__Given data__
------------------------------------
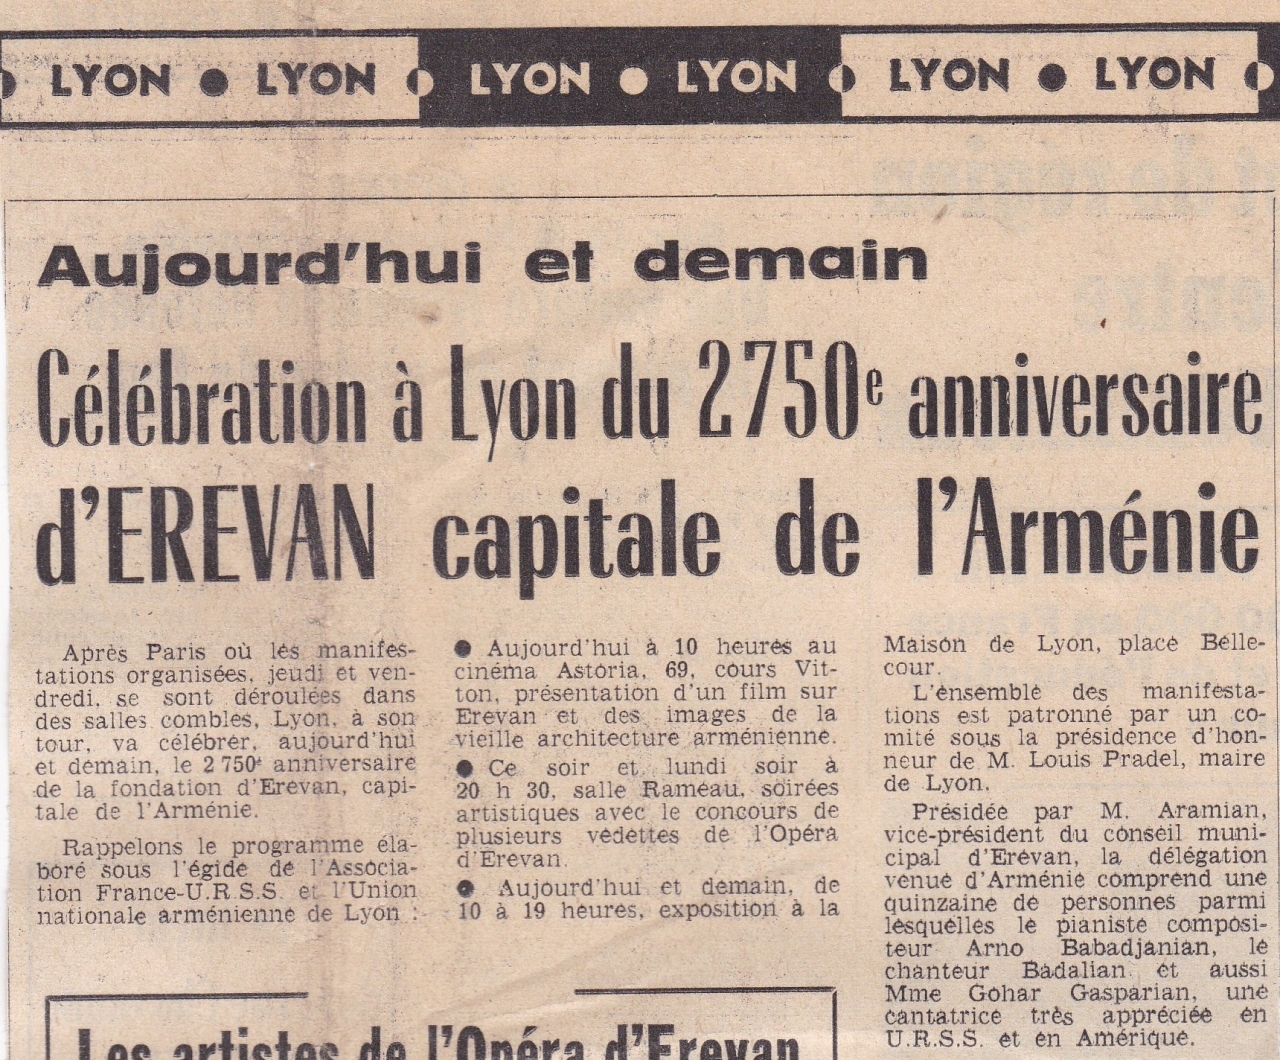 Célébration à Lyon du 2750 e anniversaire d’Erevan capitale de l’Arménie
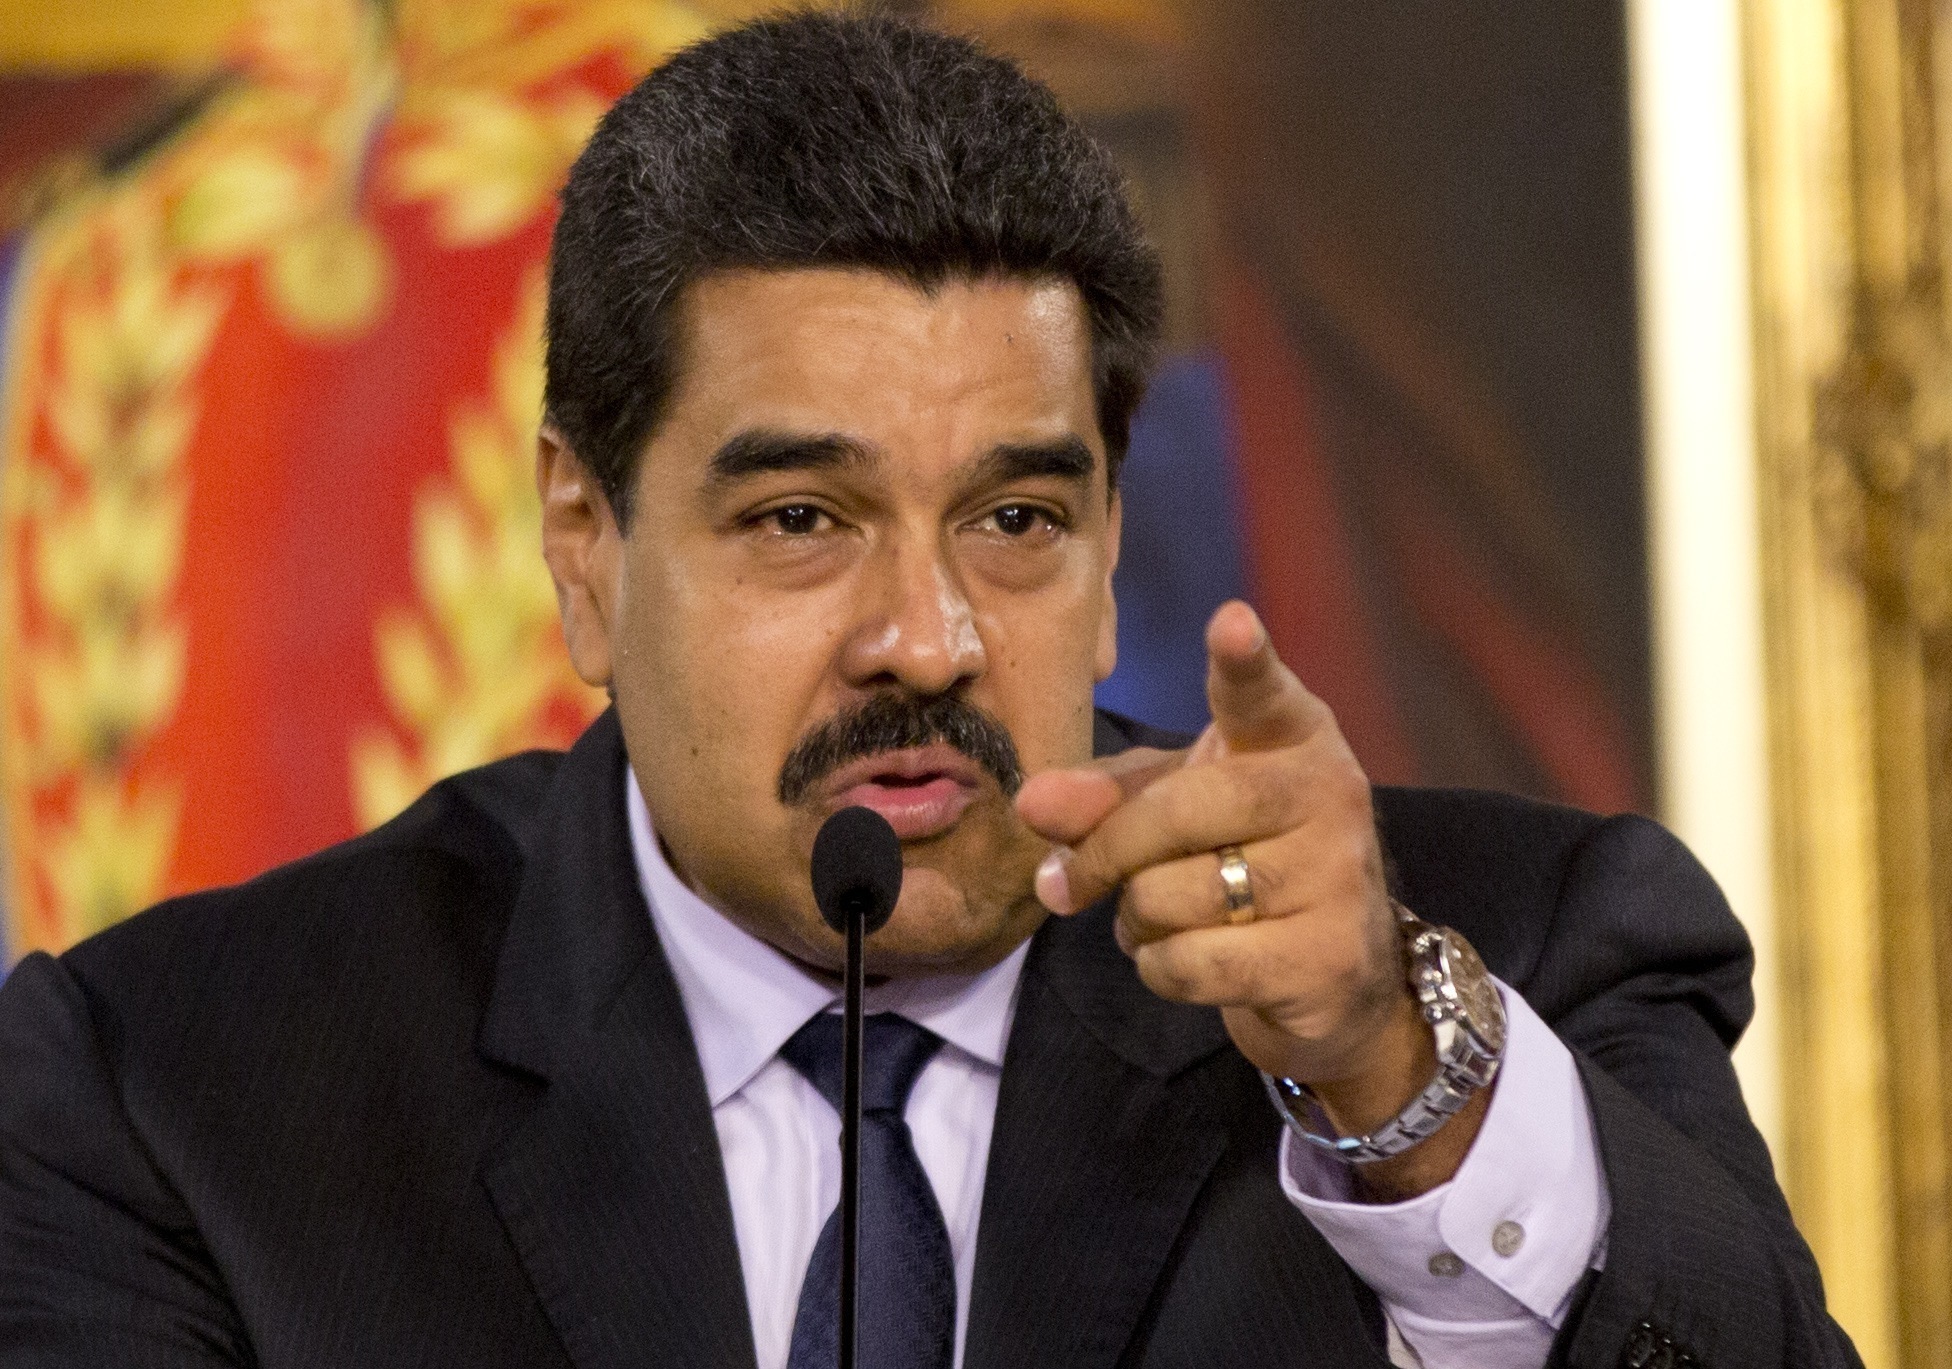 Nicolás Maduro amaga con eliminar inmunidad legislativa
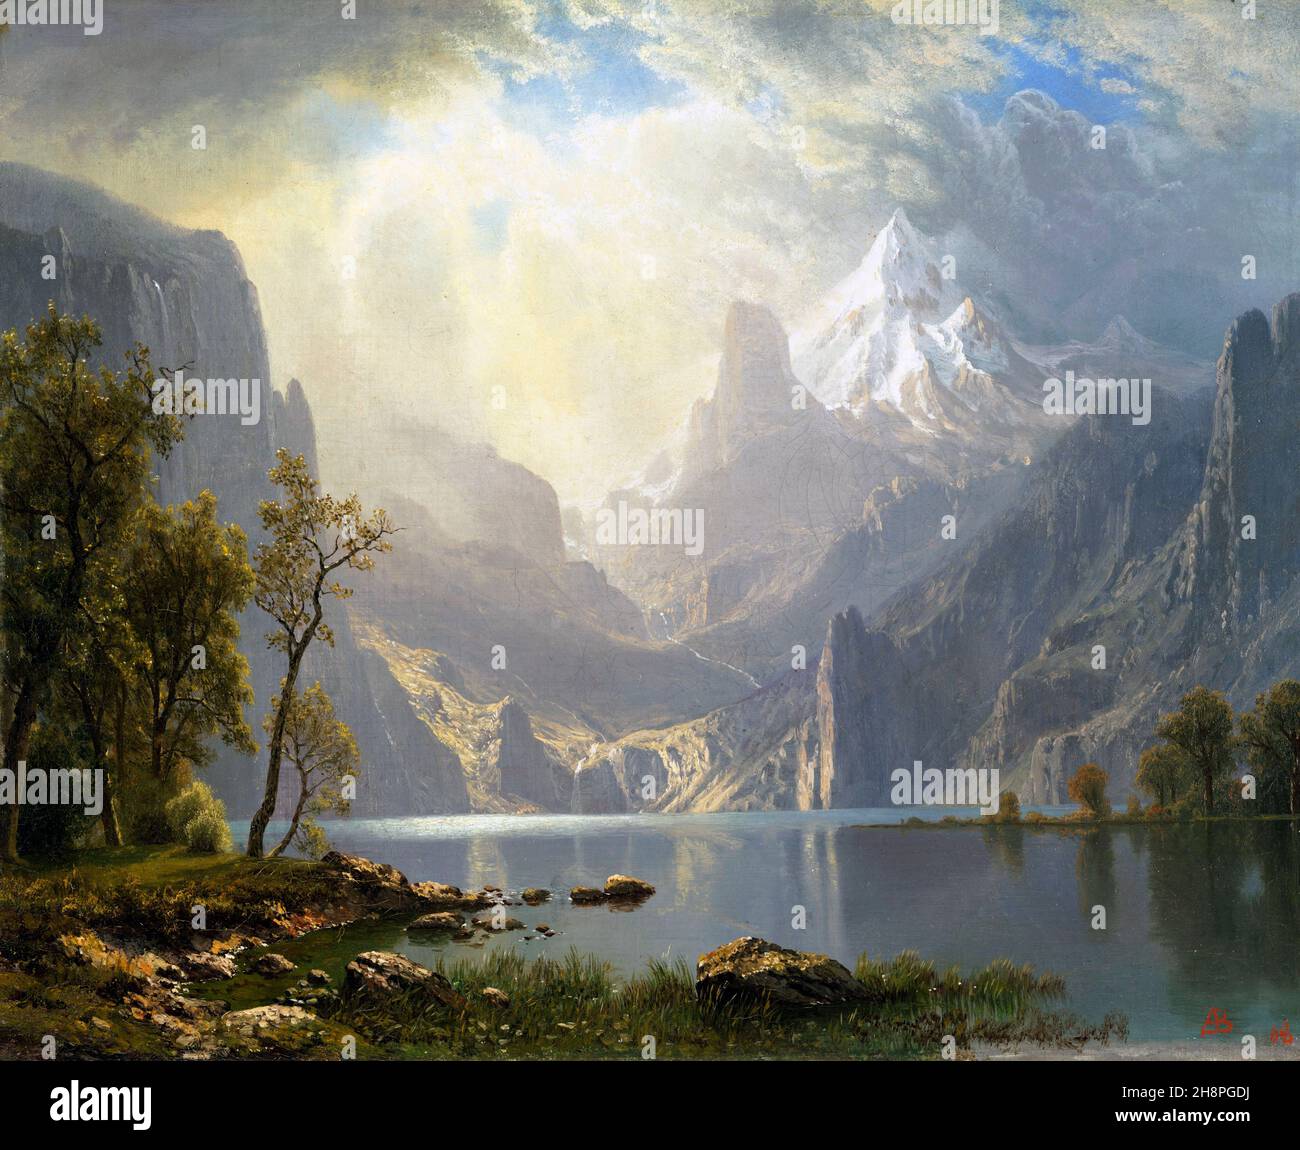 Dans les Sierras par Albert Bierstadt (1830-1902), huile sur toile, 1868 Banque D'Images
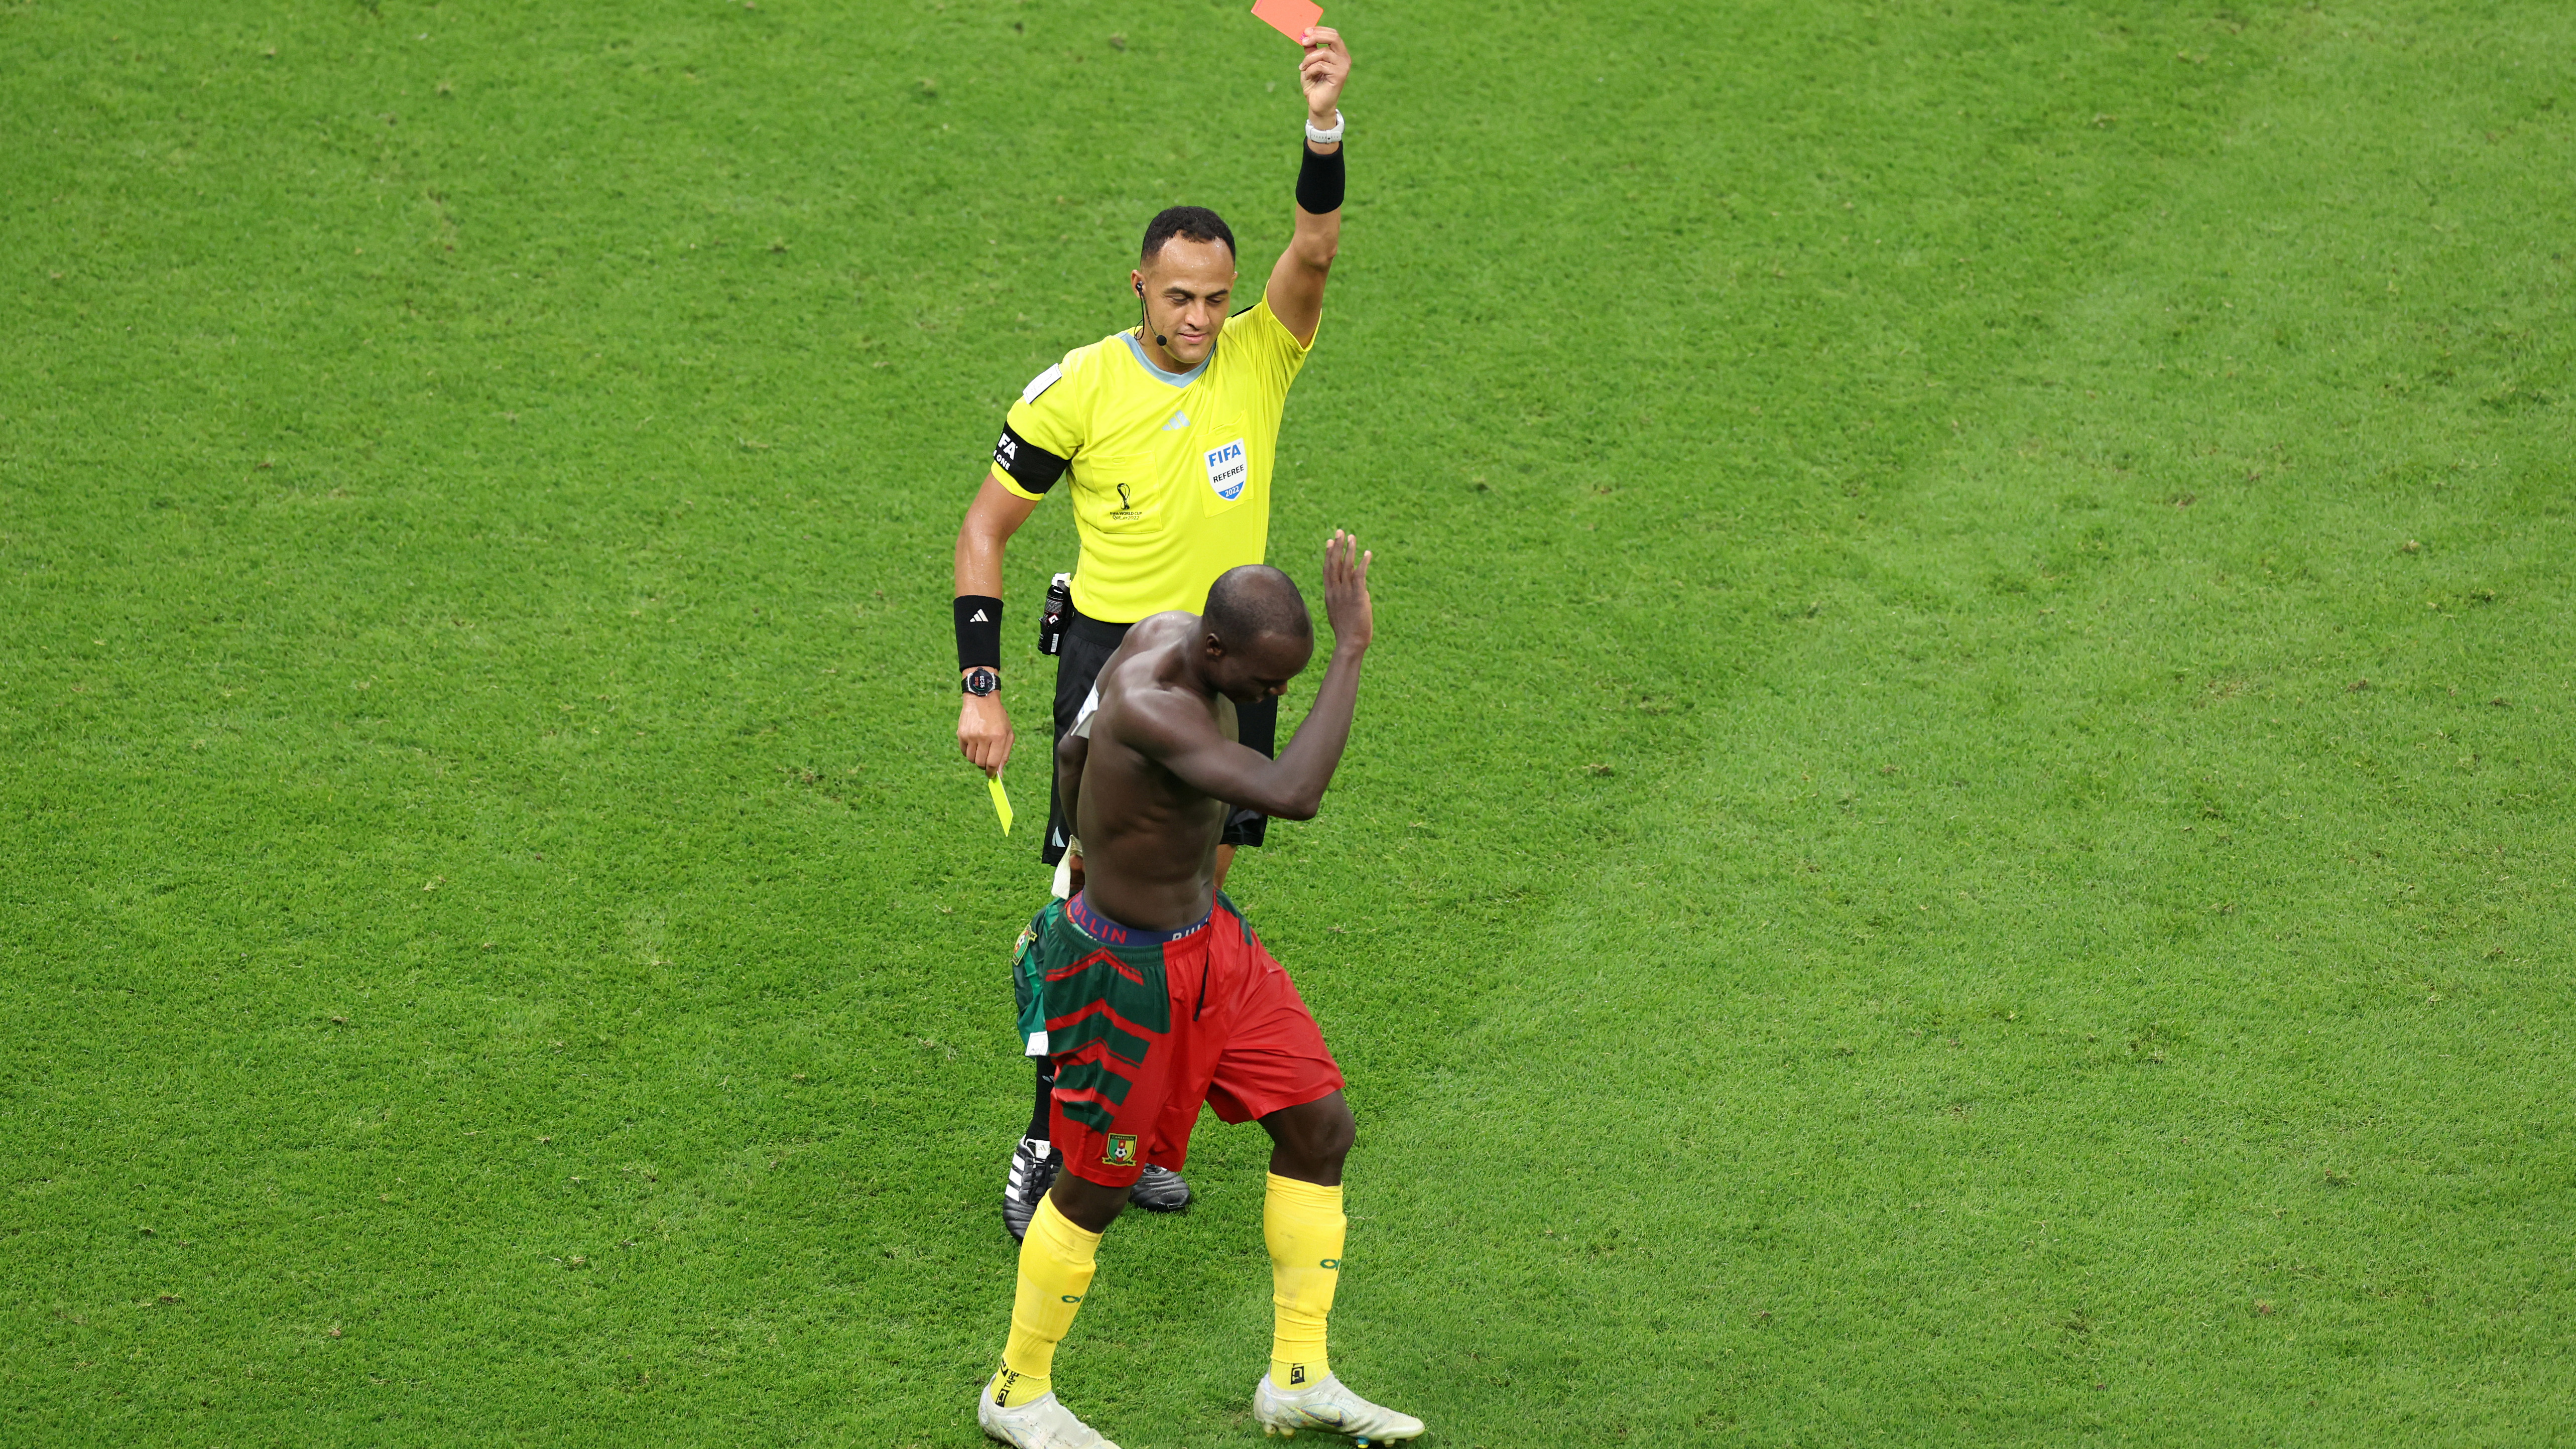 FIFA World Cup 2022 Cameroon v Brazil Vincent Aboubakar sent off after willing goal celebration video
------------------------------------
__Work item__
Copy every line of the data word for word, omitting the images.

__Task response__
 Célébration à Lyon du 2750 e anniversaire d’Erevan capitale de l’Arménie
 Nicolás Maduro amaga con eliminar inmunidad legislativa
 Dans les Sierras par Albert Bierstadt (1830-1902), huile sur toile, 1868 Banque D'Images
 FIFA World Cup 2022 Cameroon v Brazil Vincent Aboubakar sent off after willing goal celebration video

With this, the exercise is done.